If actual investment is lower than the amount available for investment, the balance will be positive – representing net lending. Similarly, when the balance is negative, borrowing is represented. Where the capital accounts relate to the individual institutional sectors, the net lending/borrowing of a particular sector represents the amounts available for lending or borrowing to other sectors. The value of net lending/borrowing is the same irrespective of whether the accounts are shown before or after deduction of fixed capital consumption, provided a consistent approach is adopted throughout.

====The financial account====

The financial account shows the acquisition and disposal of financial assets and liabilities. Examples of financial assets include: bank deposits (which are assets of the depositors and liabilities of the banks), unit trust units (assets of the holders and liabilities of unit trusts), and Treasury Bills (assets of the holders and a liability of central government). The balance of all transactions in the financial account is net lending or borrowing.

==== The statistical adjustment items ====
Although in theory the net lending/borrowing from the financial account and the net lending/borrowing from the capital account for each sector should be equal, in practice they are not. The difference between the two balances is known as the statistical adjustment item.
Part of the balancing process of economic accounts statistics for the previous year (that is, for years t–1 and earlier) involves assessing and modifying the component variables so that the estimates of net lending/borrowing made from the income and capital accounts and from the financial accounts are the same at the level of the whole economy and reasonably close to each other at the sector level.

==== Balance sheets ====
A financial balance sheet for each sector is compiled using the same financial instrument classification as that used for financial transactions. The changes in the end period levels in the financial balance sheets do not equal the financial transactions because of holding gains or losses and reclassifications of units between sectors.

=== Other analyses and derived statistics ===

This includes chapters 8 (Percentage Distributions and Growth Rates), 9 (Fixed Capital Formation Supplementary Tables), 10 (National Balance Sheet), 11 (Public Sector Supplementary Tables) and 12 (Statistics for European Union Purposes). These cover other additional analyses. It includes tables showing the percentage growth rates of the main aggregates and supplementary tables for capital consumption, gross fixed capital formation, capital stock, non-financial balance sheets, public sector data, and GNI consistent with the European System of Accounts (ESA95) compiled for EU budgetary purposes.
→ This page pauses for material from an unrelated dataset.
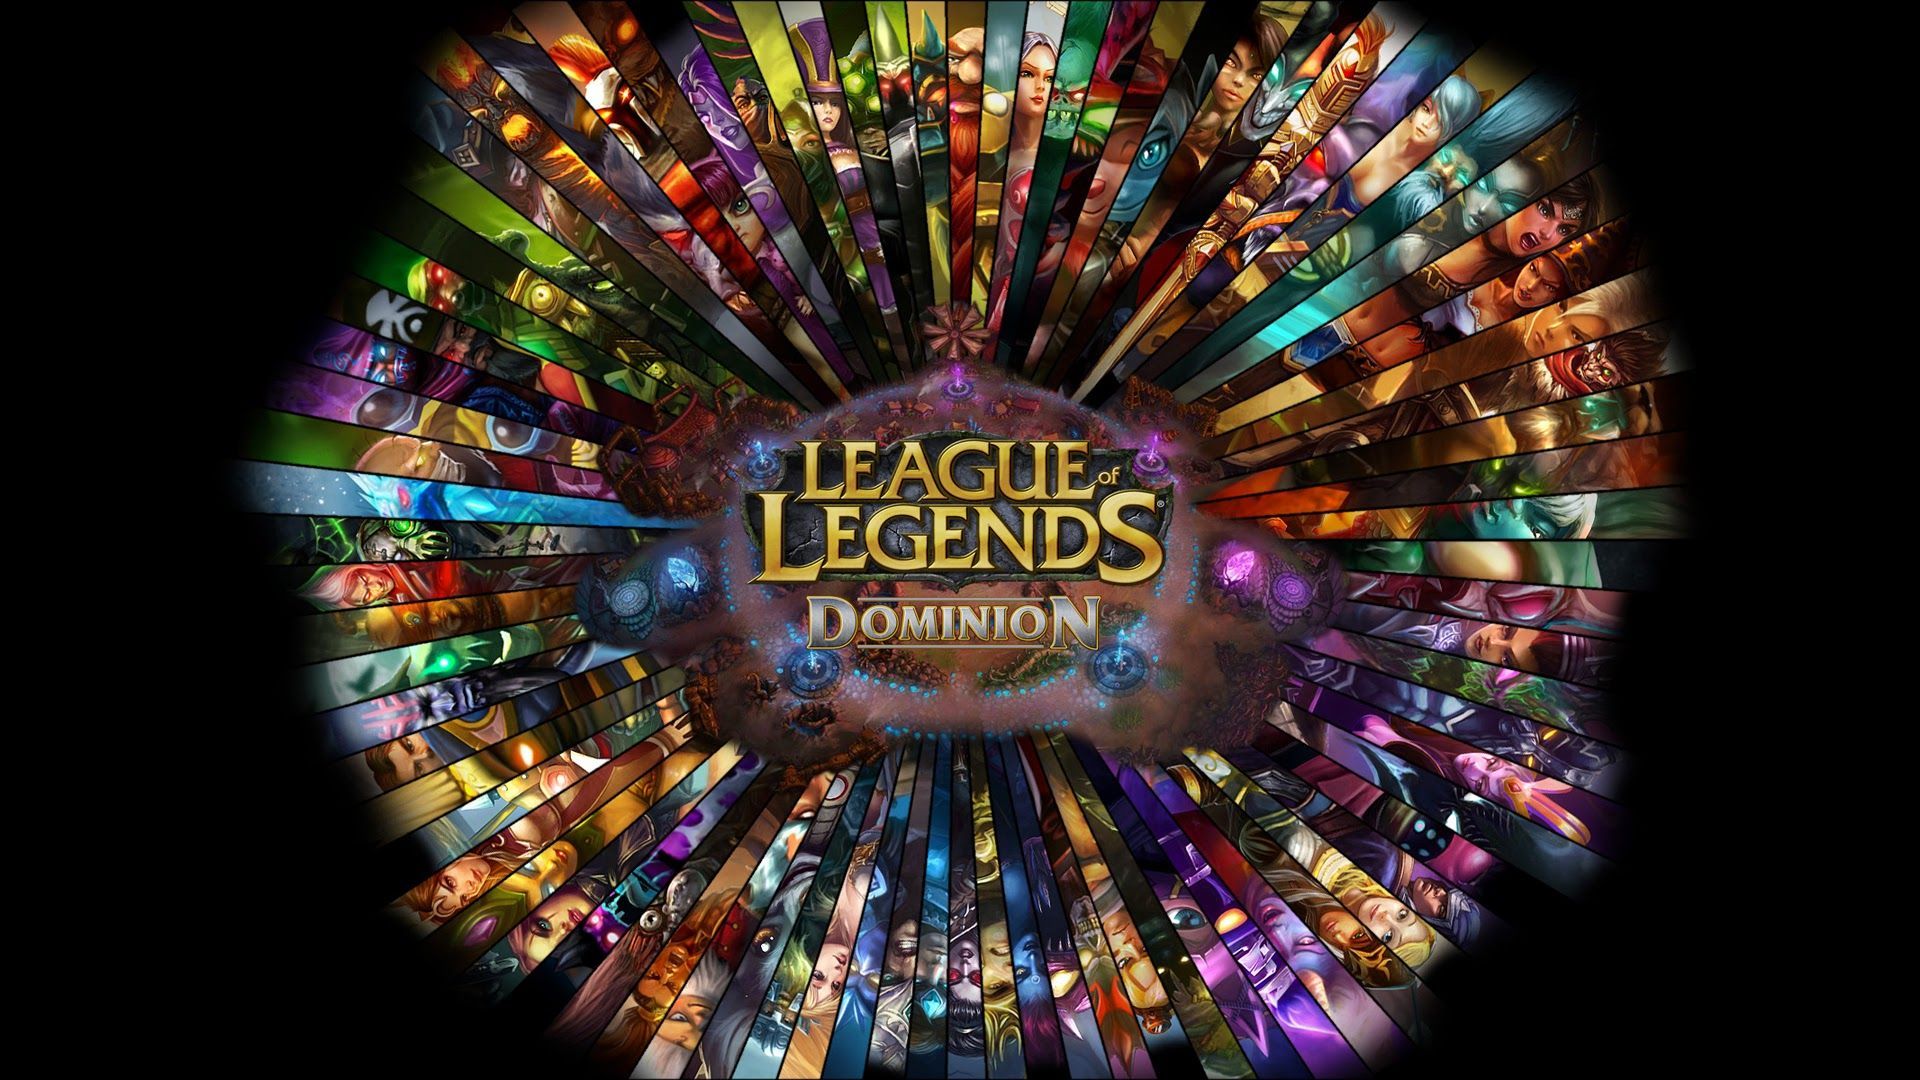 Download League of Legends Wallpapers 4107 1920x1080 px High resolution

=== UK Environmental Accounts ===

This includes chapter 13; Environmental Accounts. Environmental Accounts are "satellite accounts" to the main National Accounts. Satellite accounts are extensions to National Accounts, which facilitate analysis of the wider impact of economic change. They are compiled in accordance with the System of Integrated Environmental and Economic Accounting (SEEA), which closely follows the UN System of National Accounts (SNA).

Environmental Accounts measure the impacts of the economy on the environment (e.g. pollution) and how the environment contributes to the economy (e.g. use of raw materials, resource efficiency, etc.) by using the accounting framework and concepts of the national accounts. UK Environmental Accounts are used to inform sustainable development policy, to model impacts of fiscal or monetary measures and to evaluate the environmental impacts of different sectors of the economy. Most data are provided in units of physical measurement (mass or volume), although some are in monetary units, where this is the most relevant or the only data available.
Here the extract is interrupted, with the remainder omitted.